Lyanne Jordan, visionary steward and executive director with Maroon Calabash, said doulas need equitable and sustainable payment for their work. (NNS File photo by Ana Martinez-Ortiz)

This story was originally published by Milwaukee Neighborhood News Service, where you can find other stories reporting on fifteen city neighborhoods in Milwaukee. Visit

In a move to improve access for mothers and families, congressional legislation would broaden Medicaid payouts available for doulas and midwives.

U.S. Rep. Gwen Moore originally introduced the “Mamas First Act” in 2019. The bill would require state Medicaid programs to cover doula and midwife services for expecting families, including care before, after and during the baby’s birth. 

Currently, doula services are not fully covered by Wisconsin’s Medicaid programs. Doulas are certified birth workers who provide support services before, during and after birth for mothers and their families. 

Medicaid is a state-provided insurance program that provides low-income residents with coverage for medical costs. 

Lyanne Jordan, executive director and visionary steward for Maroon Calabash, a local maternal health organization, explained that the difference between doulas and other birth workers is often the deeper relationship between the mother and the birth worker. 

“Whereas when you go to a doctor’s office and they may know your name, they may know your personal history and information, but they may not know that your kid is taking piano or that your grandma just died,” Jordan said. “They may not sit with you and ask you, ‘Truly, how was your birth experience?’”

Midwives support clinical services for expecting mothers in addition to counseling and support. A certified midwife can perform medical tasks such as delivery and diagnostic testing, which distinguishes them from doulas. 

The bill would provide funding for doulas and midwives across the country, but Moore said this presents a significant opportunity for Milwaukee, where maternal and infant health have been a consistent concern. 

According to a recently released maternal mortality report, charting the years 2016 to 2017 from the state Department of Health Services, 85% of the state’s pregnancy-associated deaths occurred in urban settings. About 58% of those who died were enrolled in Medicaid at the time. A total of 80 deaths occurred from 2016 to 2017, the report said.

Roughly 52% of deaths in that time period were attributable to mental health issues, including substance abuse and overdoses. The report identified 97% of these deaths as preventable.  

Moore said the legislation would help increase care to reduce maternal mortality. Moore, who used midwives during some of her own pregnancies, said that birth workers could provide a “support system” for mothers by helping to ensure they go to the doctor’s office and serving an advocate in the exam room.

Moore said since some women of color are not taken seriously in medical settings, having someone there to navigate is critical.

“There are so many women who are not assertive with health care professionals, and it has cost women their lives,” Moore said. “This is a real barrier – especially for women of color – to be taken seriously by some health-care institutions.”

Nicole Miles, manager of the Milwaukee Health Department’s Birth Outcomes Made Better Doula program, which provides doula services in the city, said imperfections within the current Medicaid payout system will need to be addressed for the legislation to be effective.

Midwifery services in the state currently have some coverage from Medicaid, but Miles said many midwives don’t receive the maximum allowable payment from the state for services.
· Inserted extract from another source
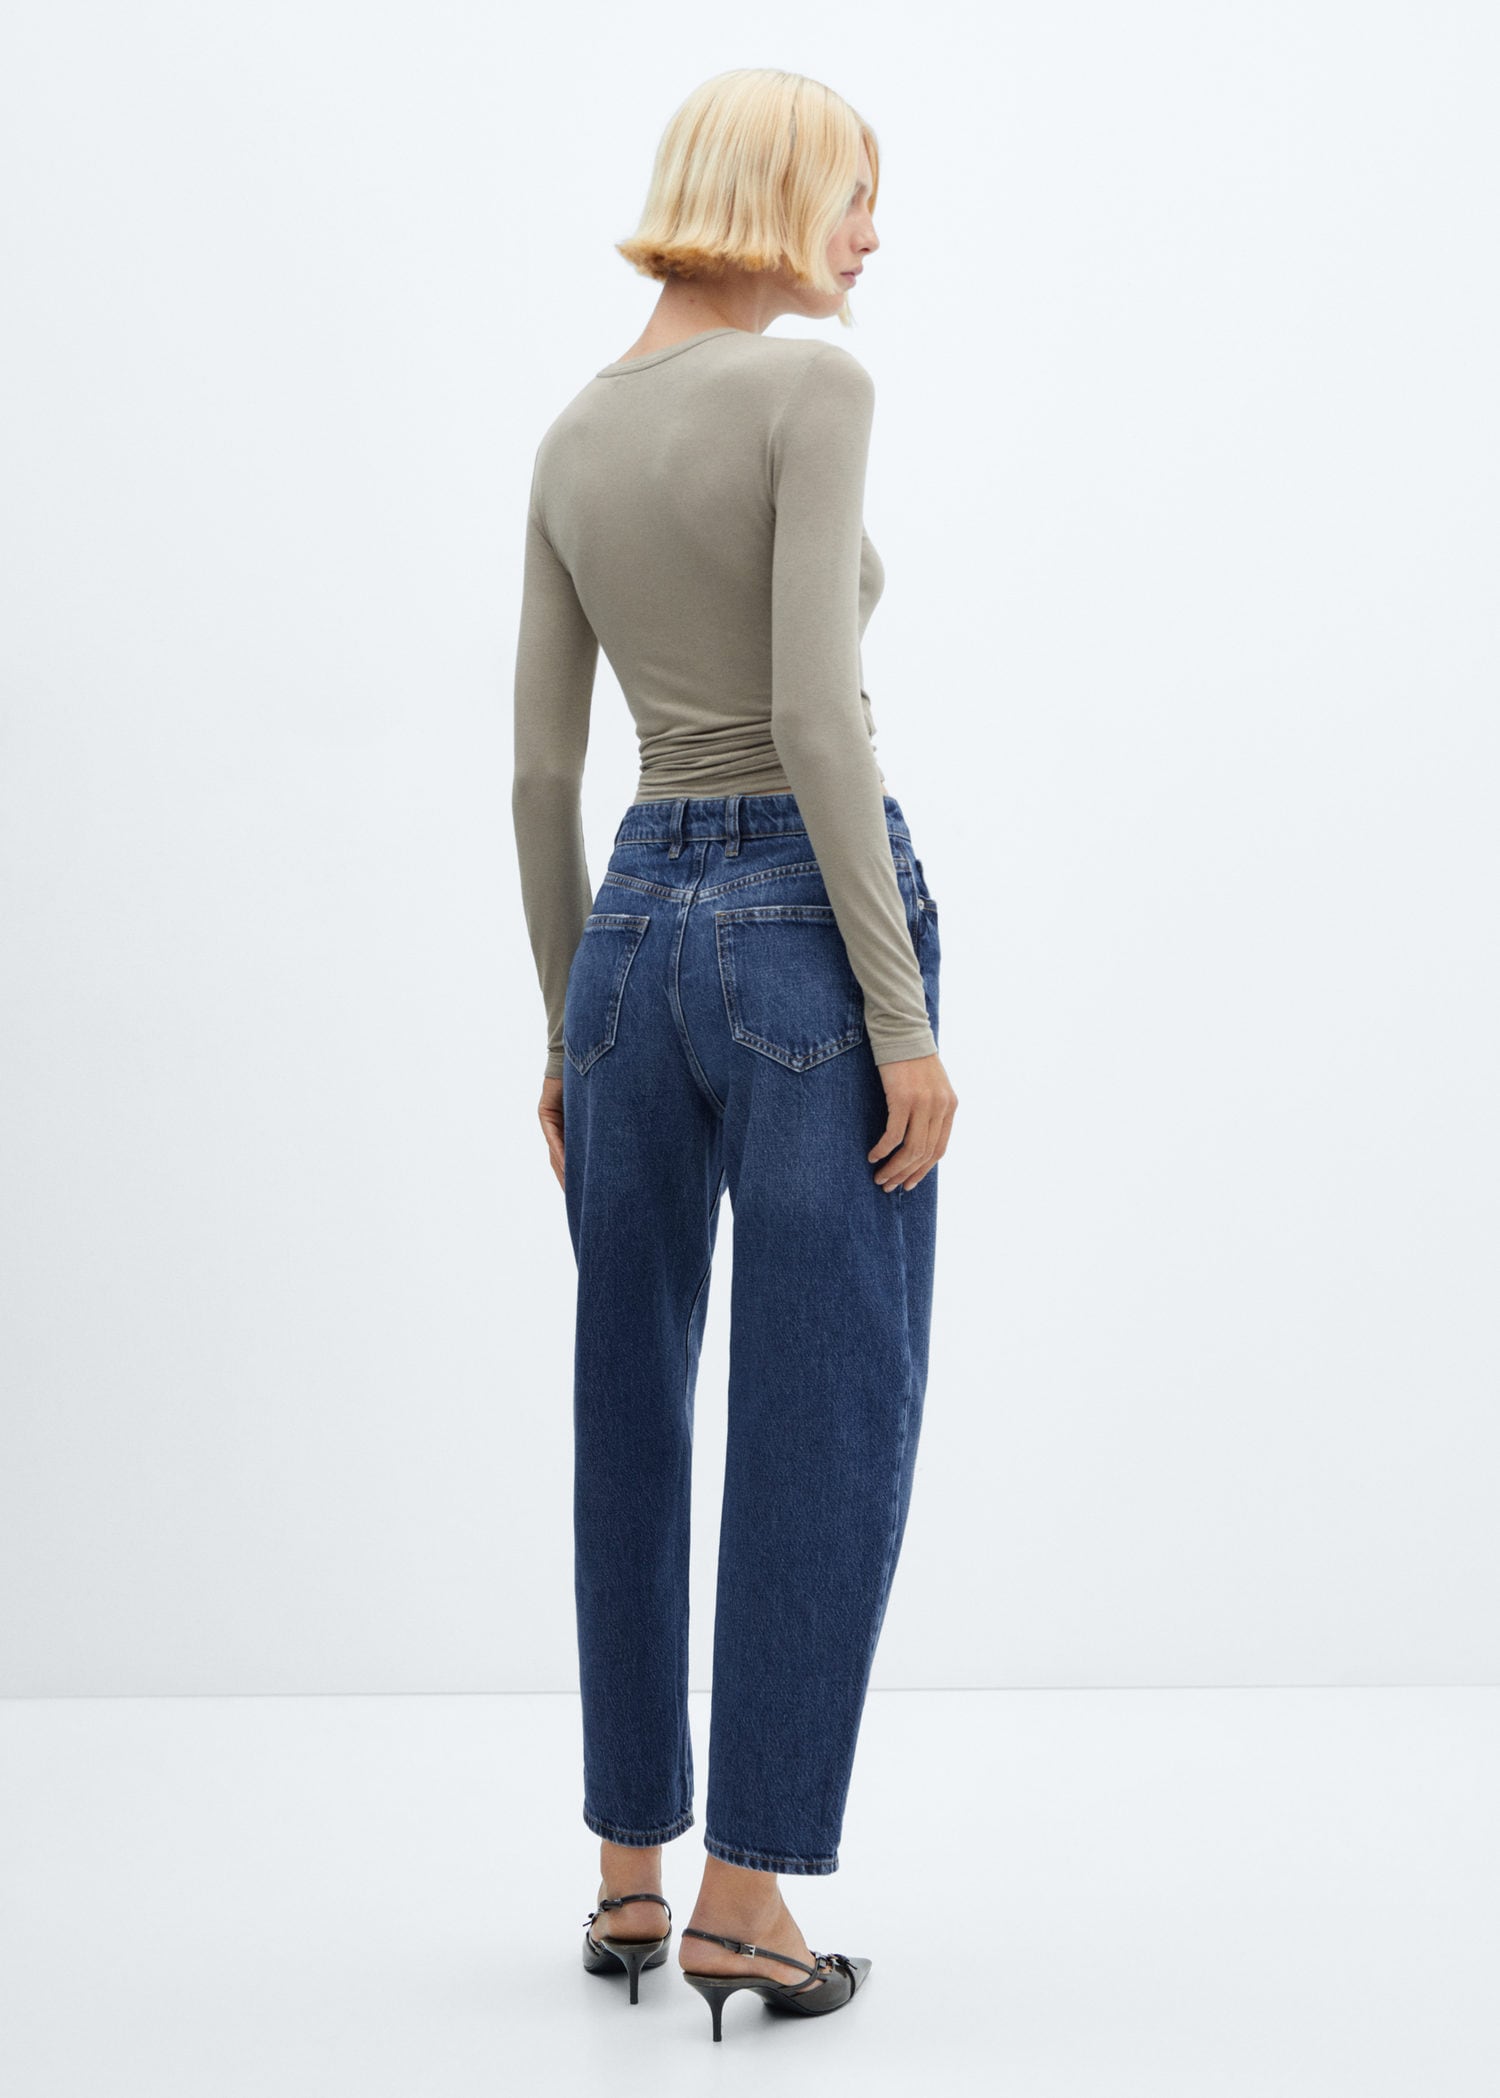 High-waist slouchy jeans

Certain requirements may need to be met to get payment and costs for services can vary, making it hard to ensure a livable wage for providers.

“Yes, it’s important that Medicaid is covering it, but at what cost?” Miles said. “You say this is valuable, but how much are you willing to give to this? … It has to be explicit.”

Miles emphasized the importance of training midwives and doulas in how to submit payment codes for Medicaid reimbursement and the specific requirements to receive the maximum allowances.

Miles said the legislation was a step in the right direction, especially since many private insurers change policies after Medicaid does. 

Jordan said the need for financial support among doulas and midwives is great, especially since the onset of the COVID-19 pandemic.

“There’s so many Black and brown midwives I know who are juggling their own personal practice, their family life and fundraising for their clients,” Jordan said. “They’re out there hunting for dollars, asking their friends and families and communities to support families in birthing because the finances just aren’t there.”

Jordan said she wanted to see the legislation be more ambitious in its goals and felt more was needed to support birth workers in Milwaukee. 

“Economic equity is a crucial part of ensuring that BIPOC middle-birth workers are being asked to care for the community at rates that are not exploitative, that are not harmful – rates that don’t lack equity and sustainability,” Jordan said. 

If done correctly, Jordan said the legislation could be a great addition for a group of medical professionals who needs support. Providing more sustainable options for expecting families, including doula and midwife services, could lead to better outcomes she said.  

“If people can mix and match and create the kind of experience that they want, that would be incredible,” Jordan said. “And then they’re doing so with birth workers that aren’t going to be burnt out in three years because they’re literally gifting their profession to the community and there’s no system of reciprocity.” 

The bill was referred to the House Committee on Energy and Commerce on April 7. If it passes through the committee, it will get a vote on the House floor, inching another step closer to becoming law.